## Raw data
+++
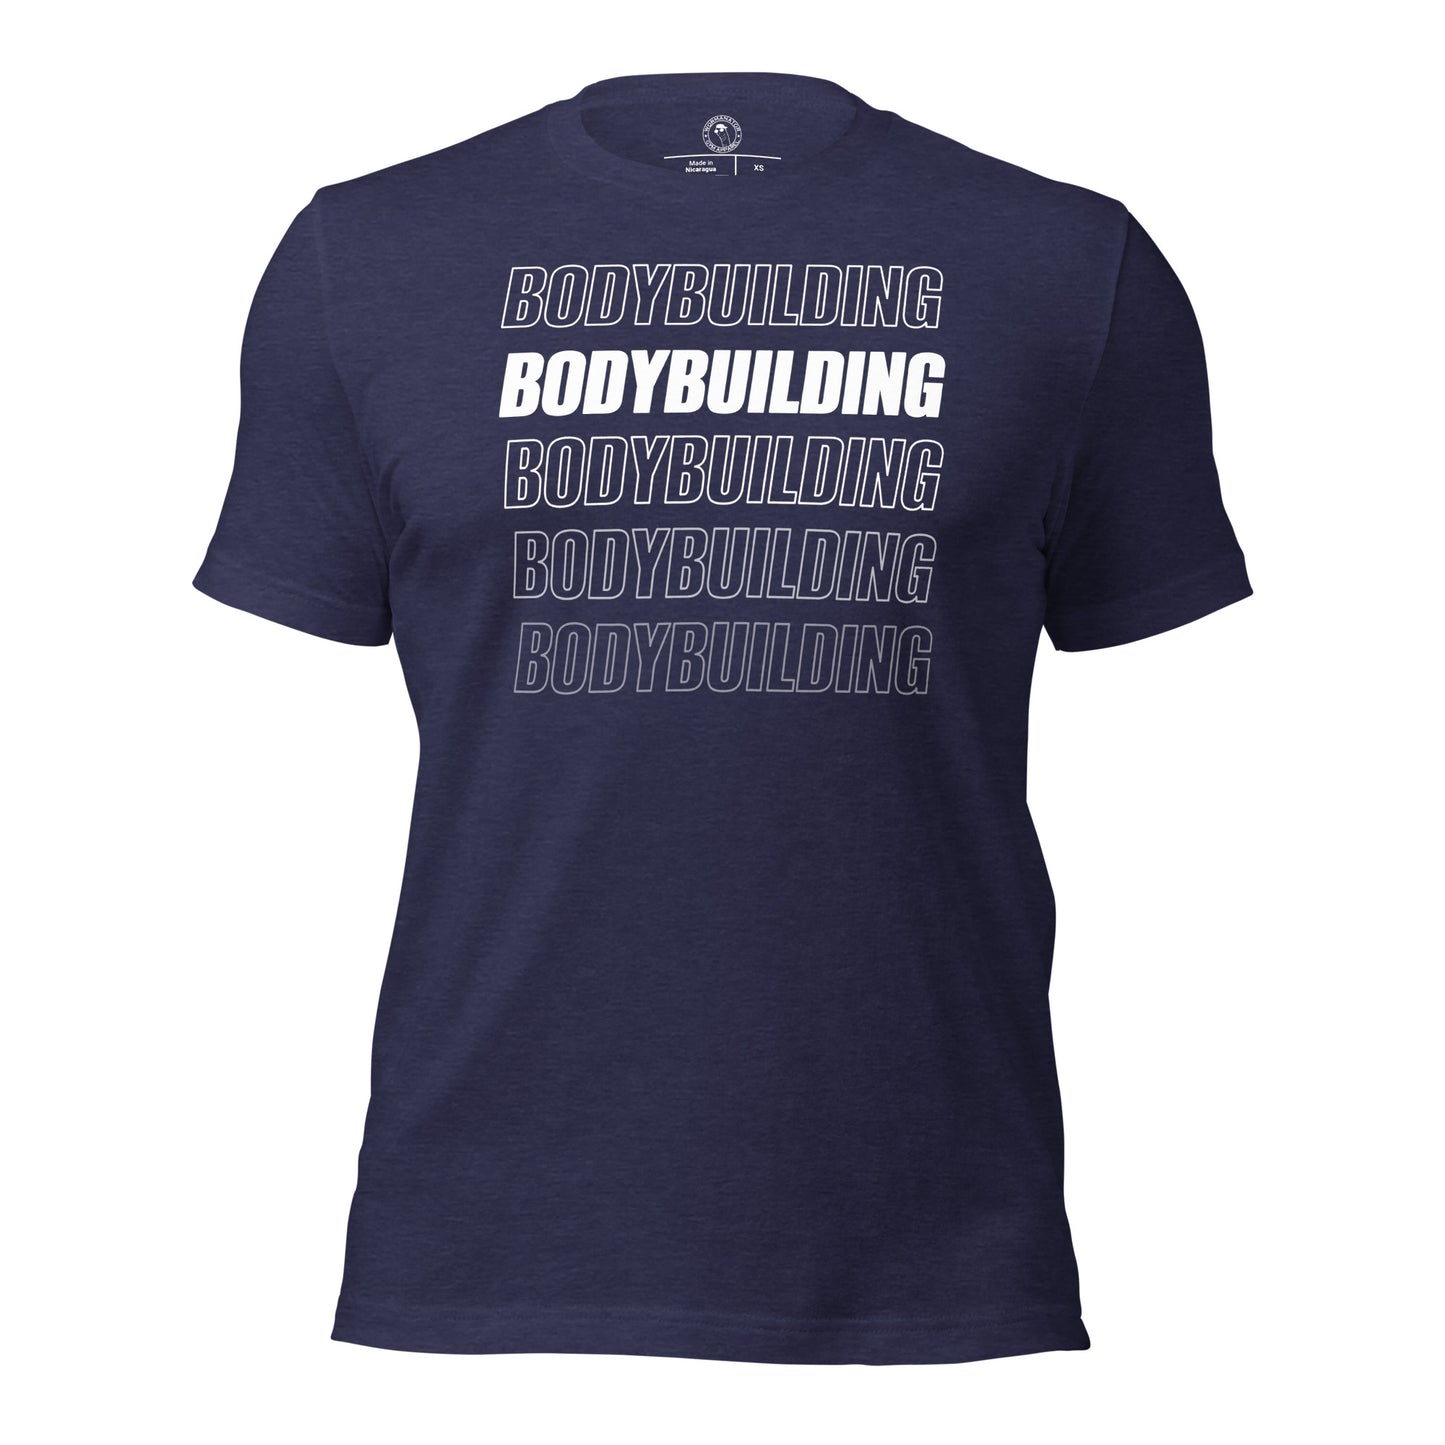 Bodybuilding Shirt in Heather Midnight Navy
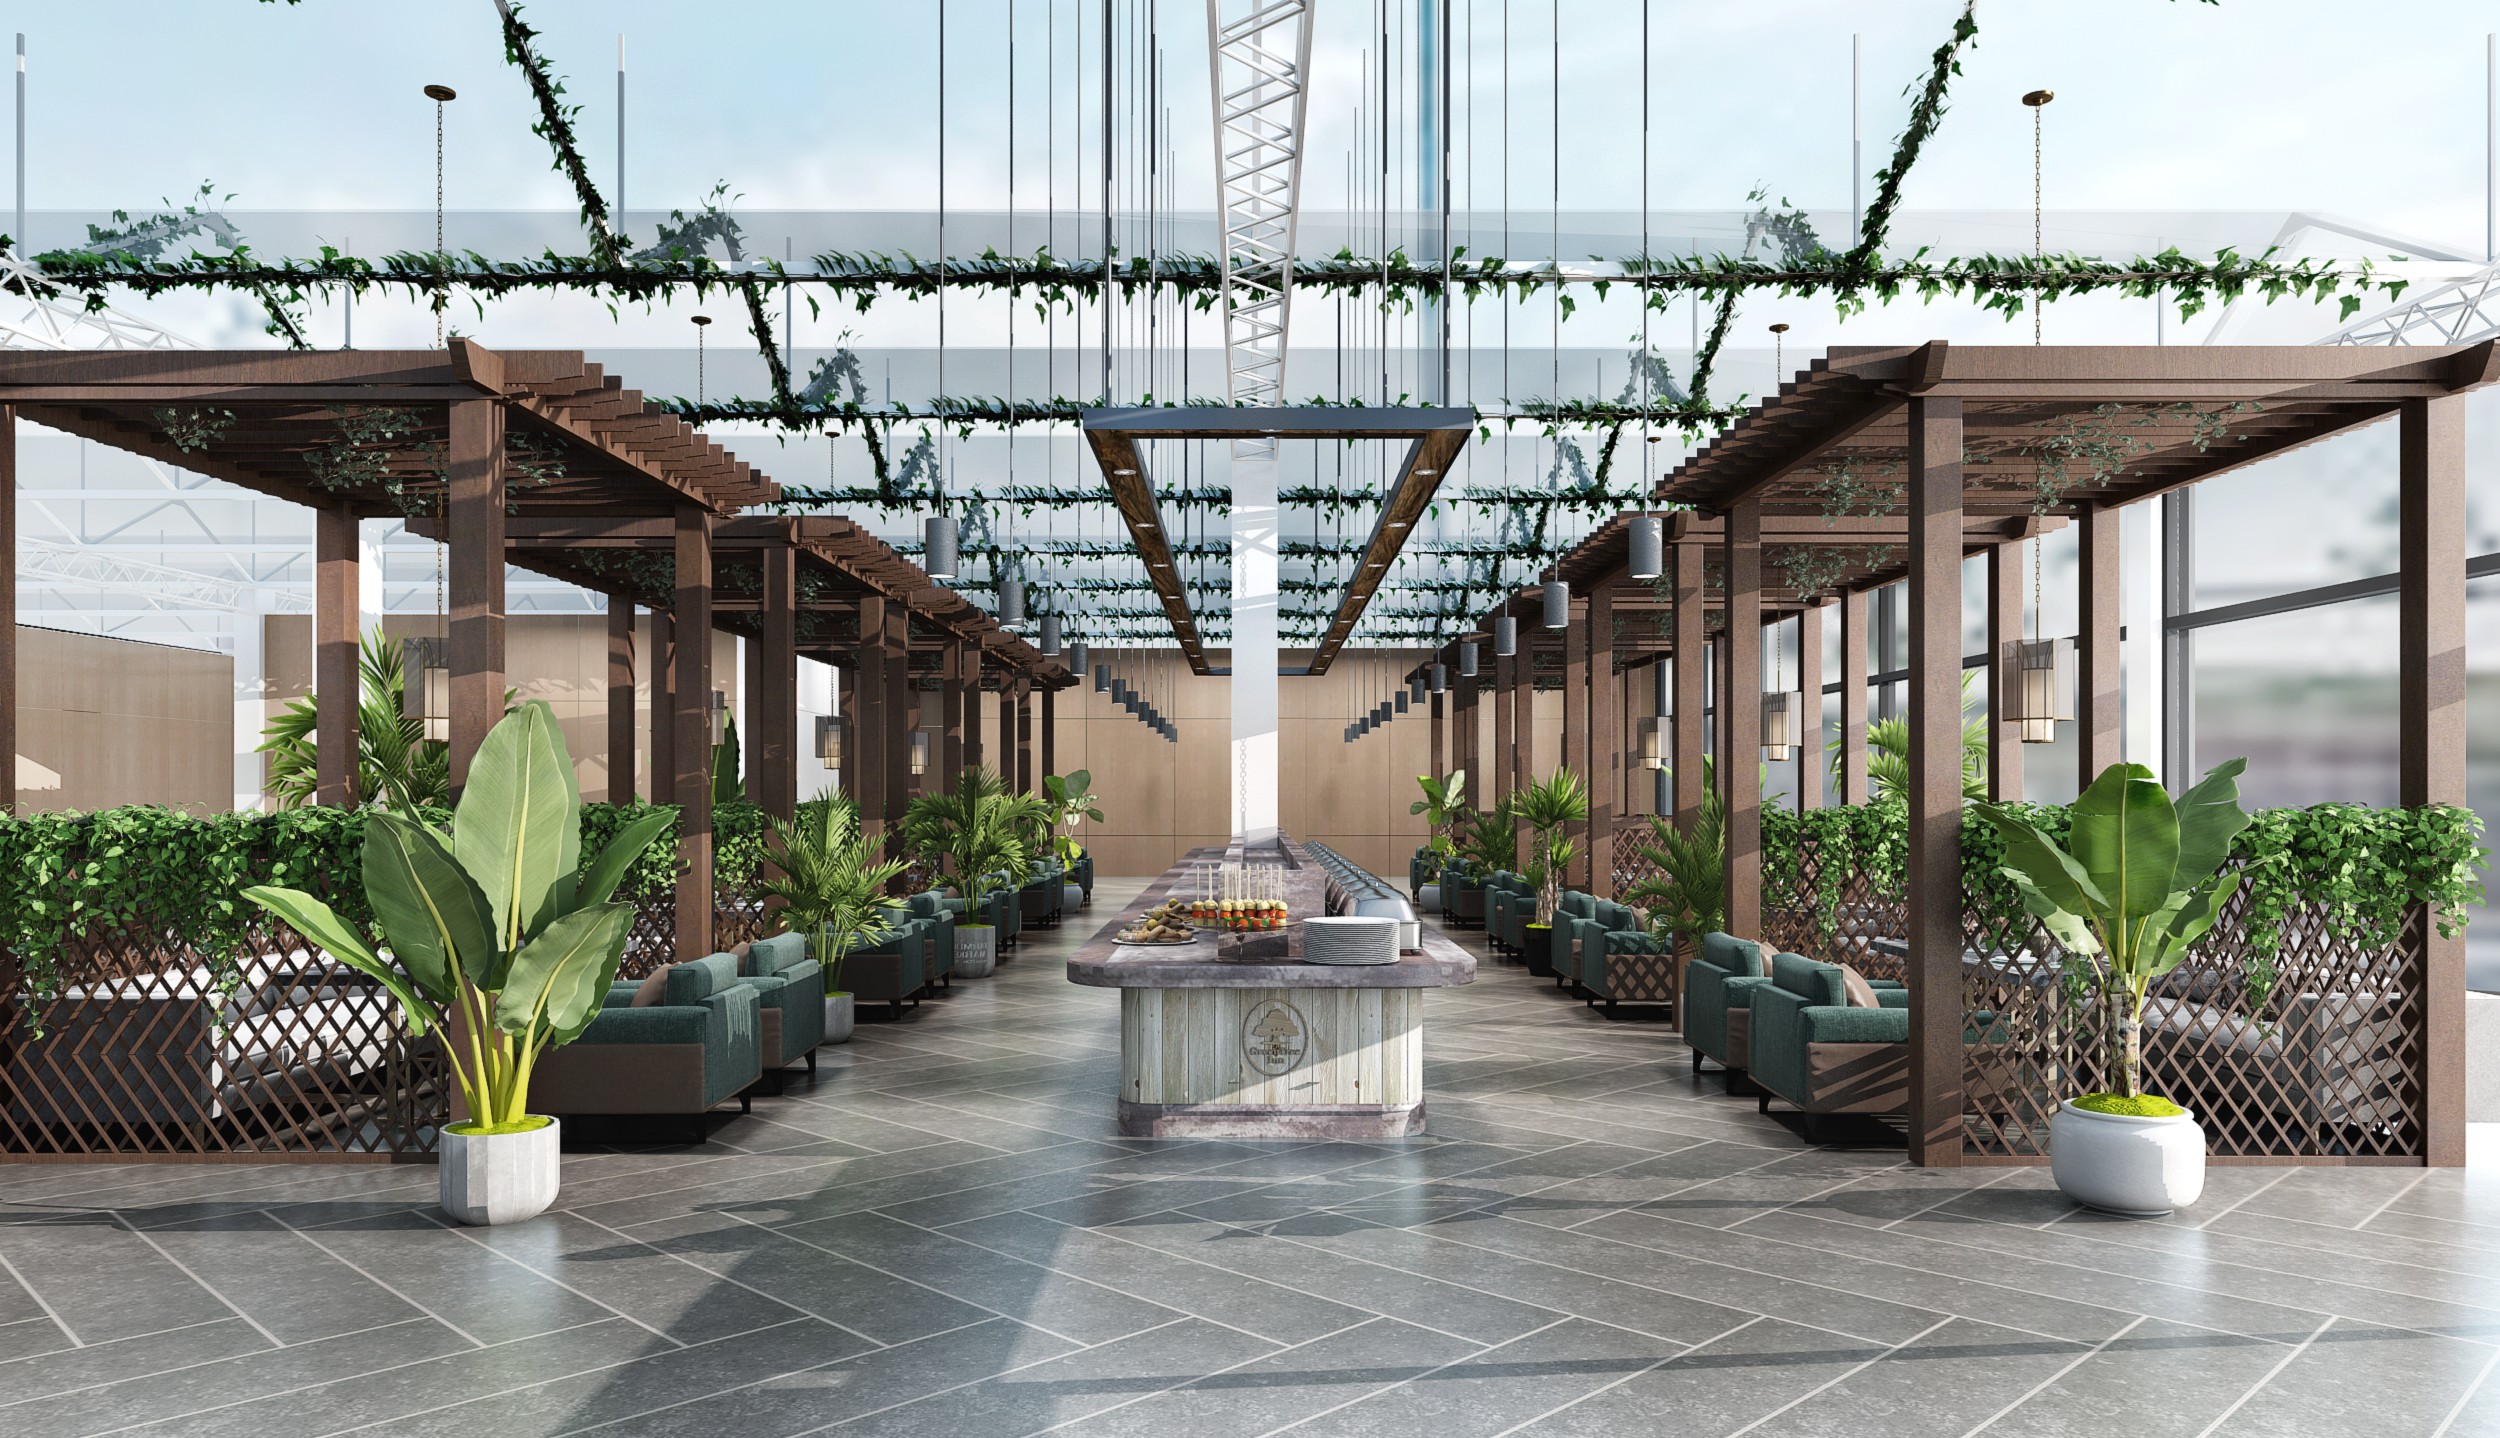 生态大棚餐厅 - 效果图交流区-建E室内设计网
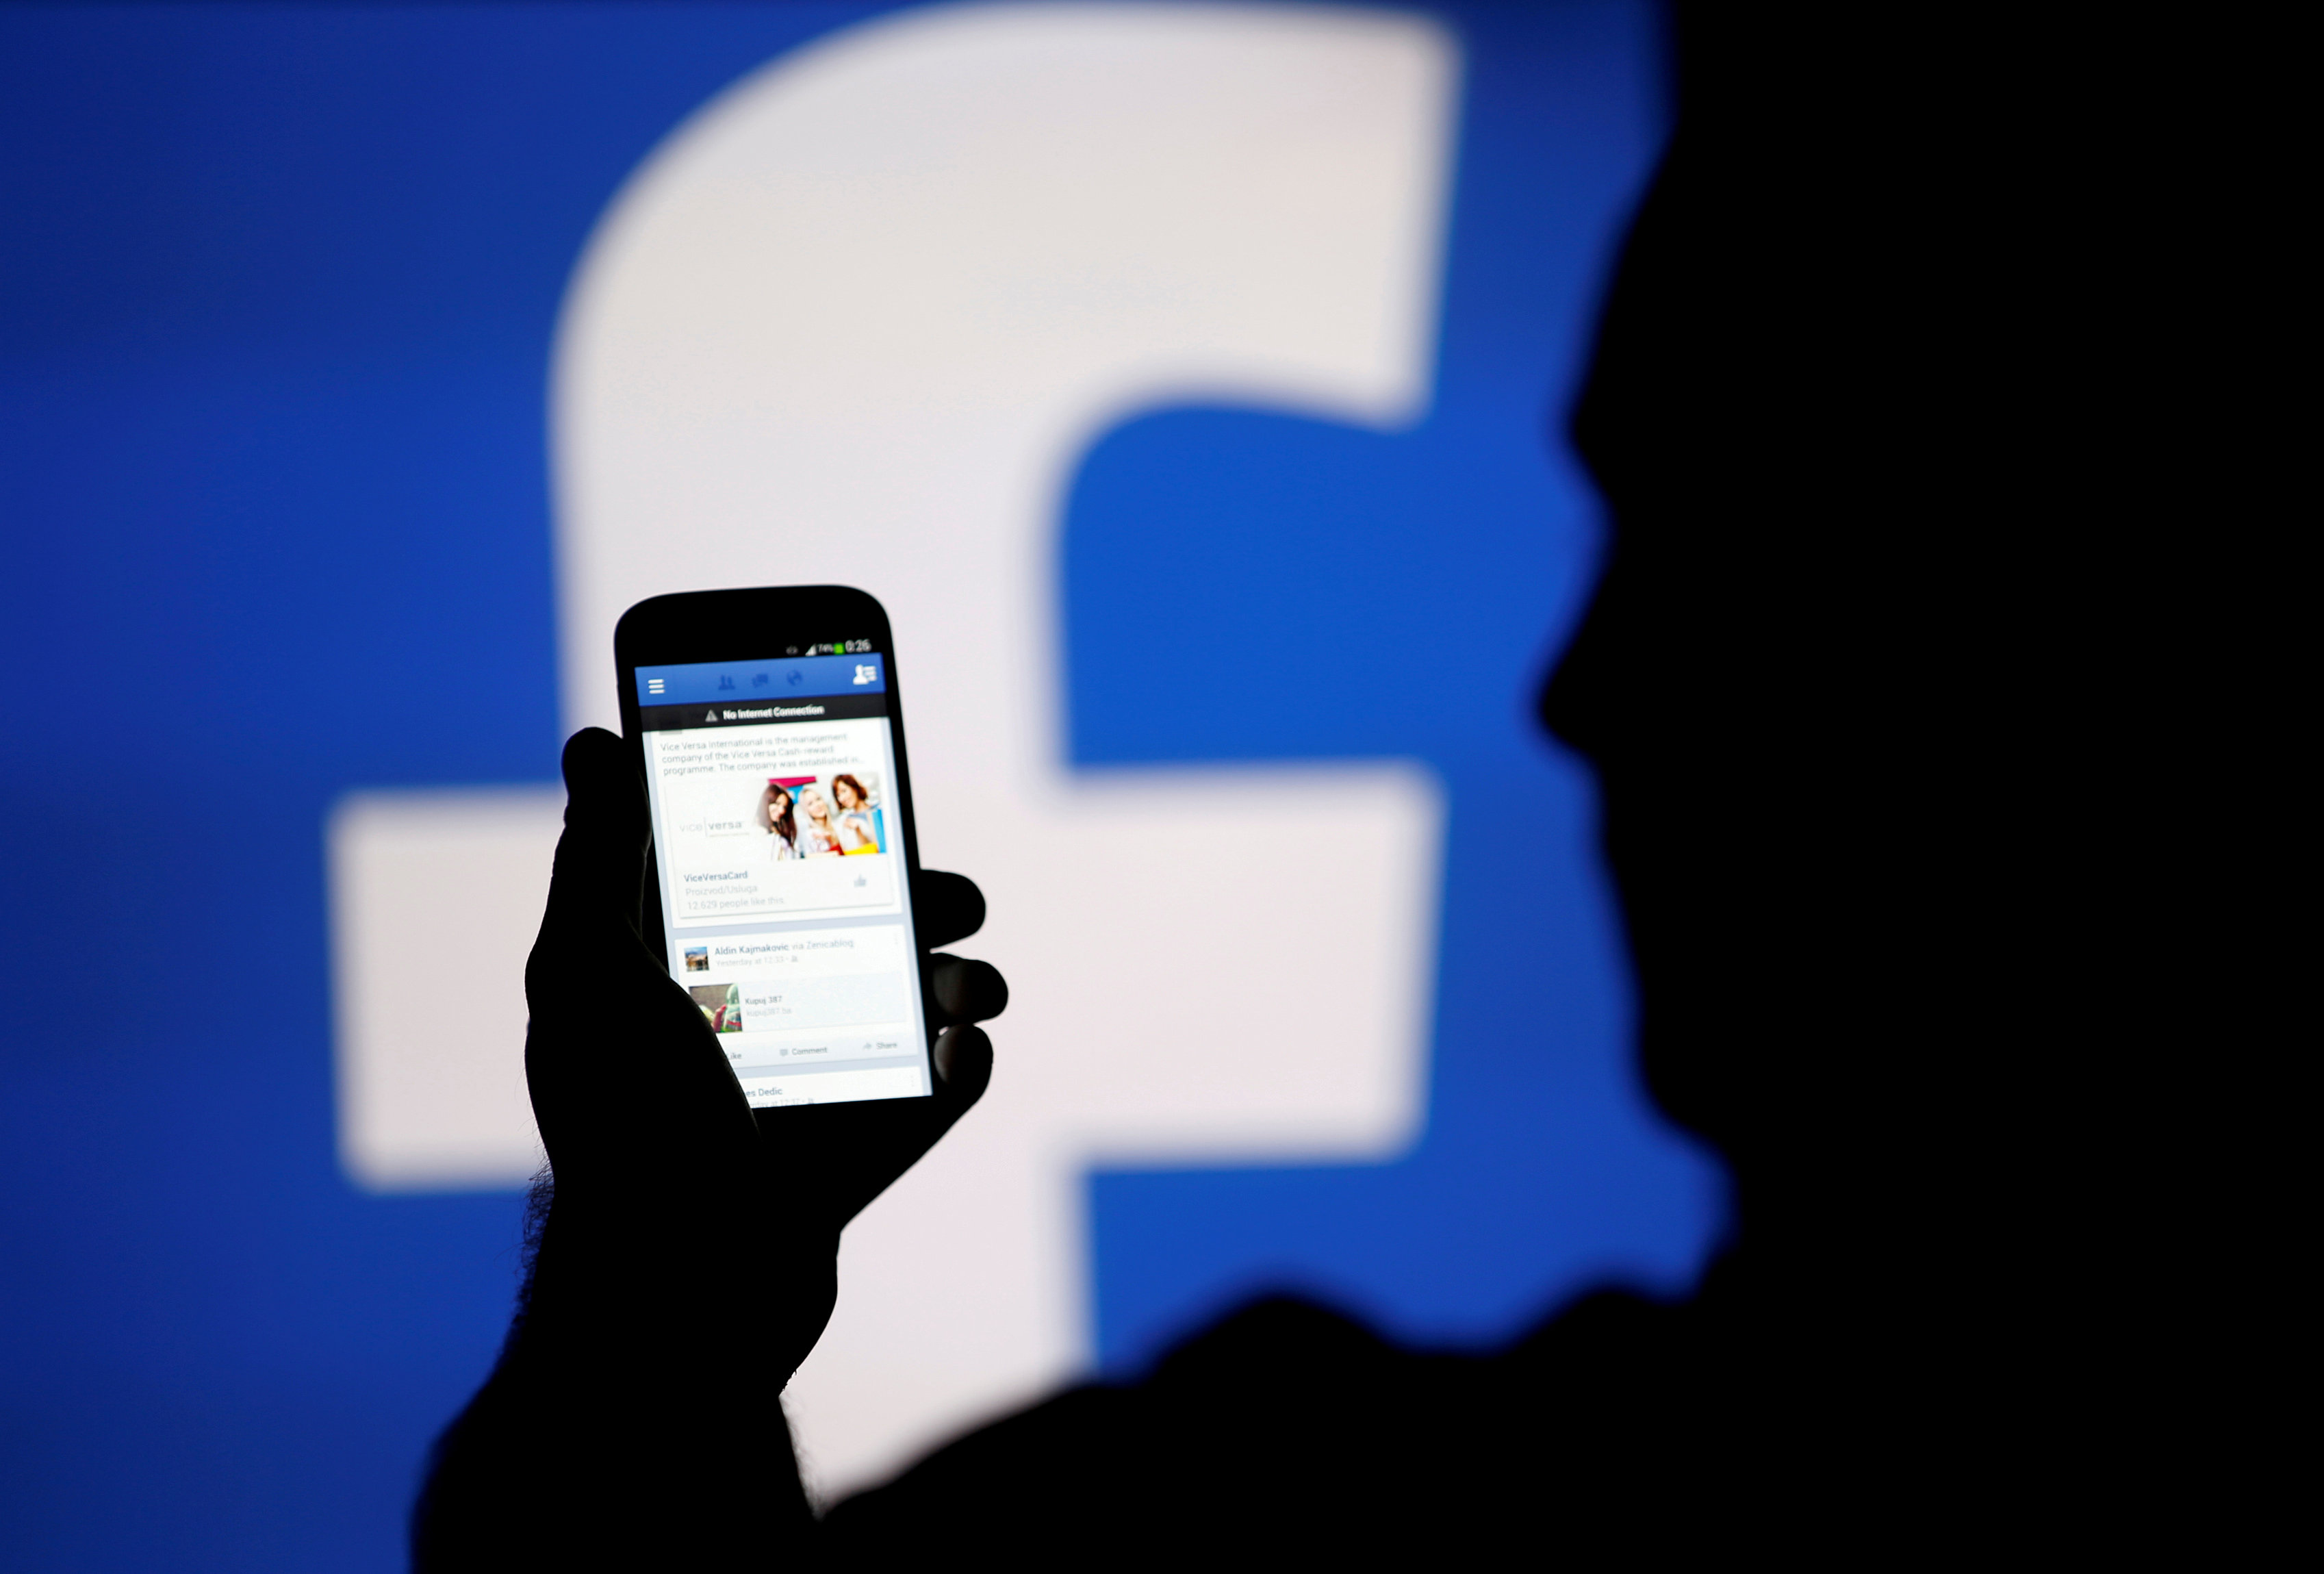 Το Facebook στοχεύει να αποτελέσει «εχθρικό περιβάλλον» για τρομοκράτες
+++
## Task instructions
Since the pictures are not wanted, give the material again exactly without them.

## Problem solution
 Bodybuilding Shirt in Heather Midnight Navy
 生态大棚餐厅 - 效果图交流区-建E室内设计网
 Το Facebook στοχεύει να αποτελέσει «εχθρικό περιβάλλον» για τρομοκράτες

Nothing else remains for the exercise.